It has been a long time coming, but events this week suggest the 2019 federal election could be the moment the Australian media pushed back against being ‘managed’ by politicians.
The tussle for dominance between journalists and politicians is an age-old phenomenon.
One wants to uncover the facts for the public good, while the other wants to expose only some facts and hide others.
Politicians and their media strategists have developed an armoury of tactics to ensure that only their preferred information is highlighted during a press conference or interview.
These include avoiding the question altogether (“I reject the premise of your question”) or creating a wall of waffle that a journalist can only pierce with interruptions, making them appear rude and argumentative.
Prime Minister Scott Morrison has developed his own way of avoiding difficult questions – particularly those about his success in last year’s Liberal leadership coup – by dismissing the query as a niche obsession of the few people inside the ‘Canberra bubble’.
There are also carefully crafted non-answers, such as “we have no plans to do x” instead of saying “we won’t do x”.
Plans can – and frequently do – change, as we have seen in recent times, whether those plans were to not challenge for the leadership or retire from Parliament.
Bill Shorten was caught out this week saying Labor had “no plans to increase taxes on superannuation” and “no plans to introduce any new taxes on superannuation”.
When challenged that this wasn’t the same as ruling it out completely, and would he do so, the Labor leader said “sure” instead of actually ruling it out.
Later, Mr Shorten had to clarify that he meant ‘no plans other than the existing plan’ to raise $34 billion from changes to superannuation.
Even more pernicious is the framing of issues or information to undermine opponents. Ever since Tony Abbott and his most senior adviser Peta Credlin successfully labelled Labor’s emission trading scheme as a ‘carbon tax’, the Coalition has repackaged other Labor policies as taxes in an effort to twinge the hip-pocket nerves of disengaged voters.
Labor uses a similar tactic, but with “spending cuts” instead of taxes, claiming the Coalition’s failure to match Labor’s promised expenditure on services such as health and education are cuts to spending that must be restored.
By presenting complex policies in these simplistic but headline-grabbing ways, the parties aim to co-opt the media into using their misleading descriptions. Some media outlets do this far too often.

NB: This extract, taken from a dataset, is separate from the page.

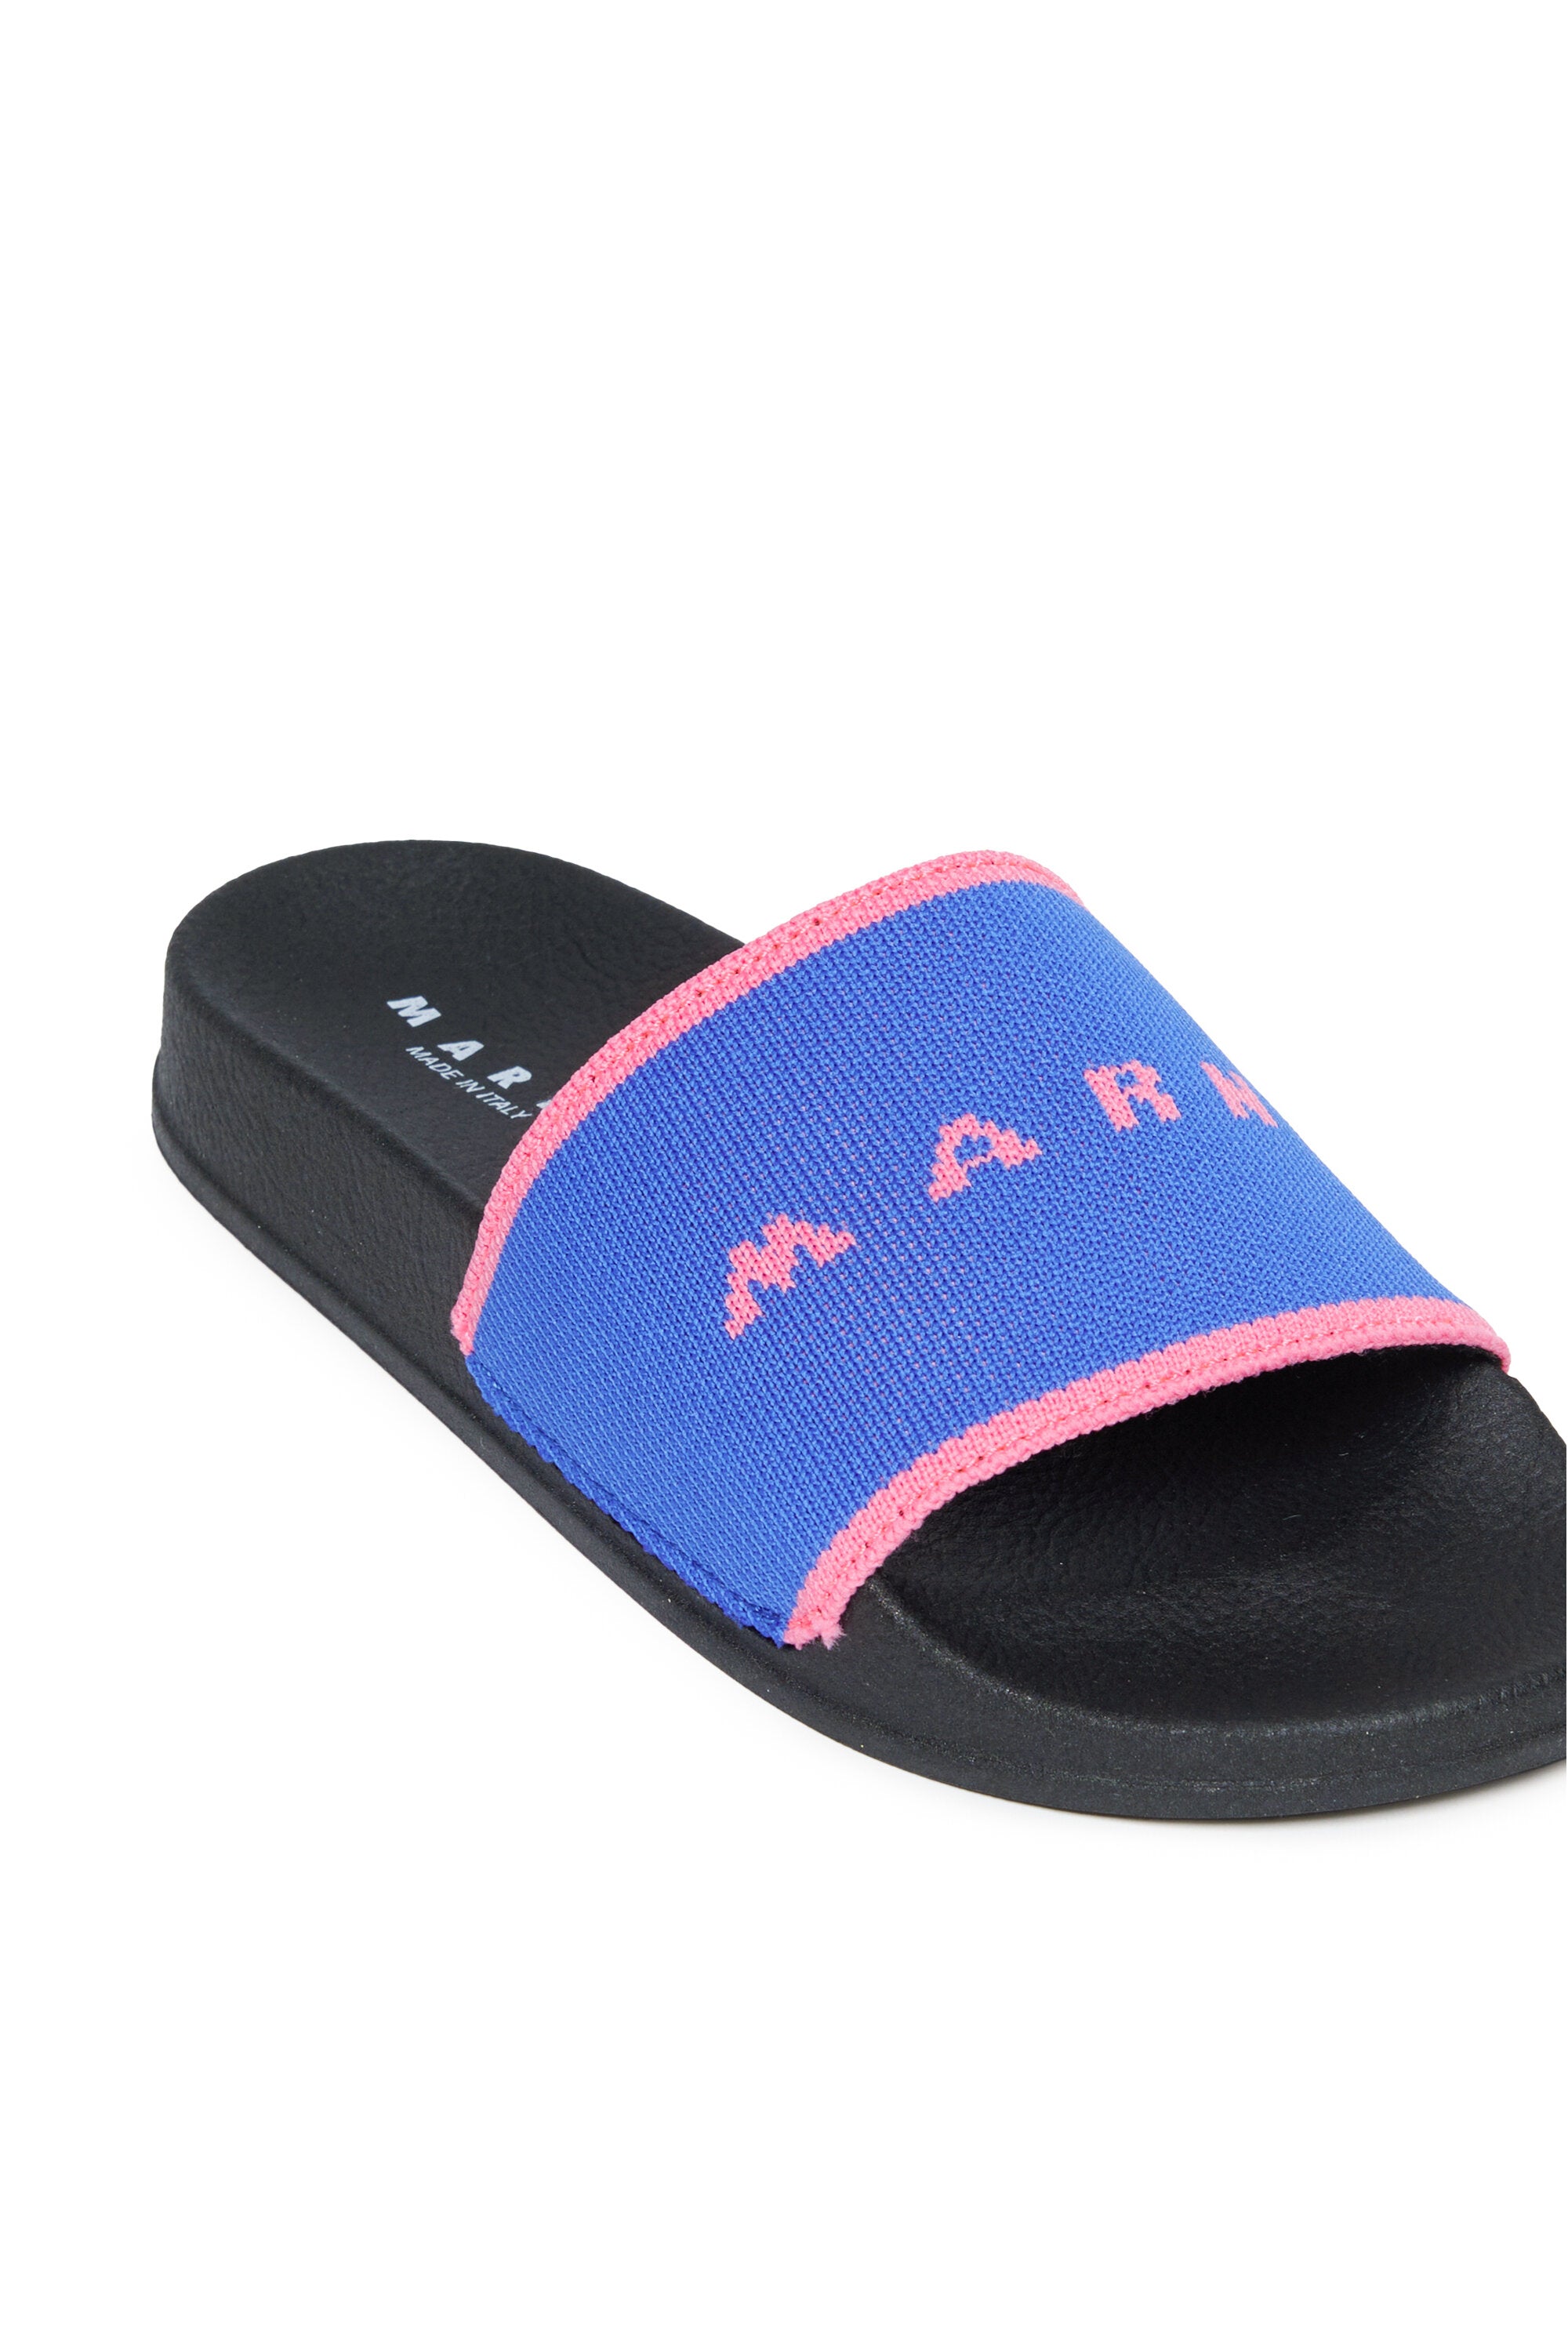 Branded fabric slide slippers

However, the most powerful media management tactic is to reduce the access of (some) journalists altogether – particularly those that resist being managed by any of the other methods.
Restrictions can range from freezing out whole media outlets by dropping them off the email distribution lists for announcements and press conferences or boycotting individual journalists or media programs.
According to The Australian this week, the Prime Minister refuses to appear on ABC’s Q&A or be interviewed by Kiis-FM’s Kyle and Jackie O. Meanwhile Mr Shorten shuns the conservative commentariat at 2GB.
Even unelected candidates can be withdrawn from media scrutiny if they are considered to be too much of a risk, as we saw this week with Gladys Liu, the arch-conservative Liberal candidate selected to replace the defector Julia Banks.
Ms Liu backed out of an interview on Sky News Australia when the network’s journalists refused to guarantee they would not ask her about the controversial comments she made in 2016 about LGBT people.
Although not immediately obvious, restriction of access is also the point of the election campaign buses that accompany the two major party leaders.
The bus ferries journalists, photographers and camera operators from one highly orchestrated campaign event to the other, giving little notice of the issue to be discussed and providing only limited access to the leader.
— Airlie Walsh (@AirlieWalsh) April 19, 2019
Senior journalists mostly stopped travelling on the leaders’ buses years ago, preferring to pursue their own stories than the prepackaged ones fed to the chooks on the campaign trail.
That’s why it was interesting to see the story this week of a political journalist who tried to break free from the strictures being imposed on the media scrum accompanying Mr Shorten.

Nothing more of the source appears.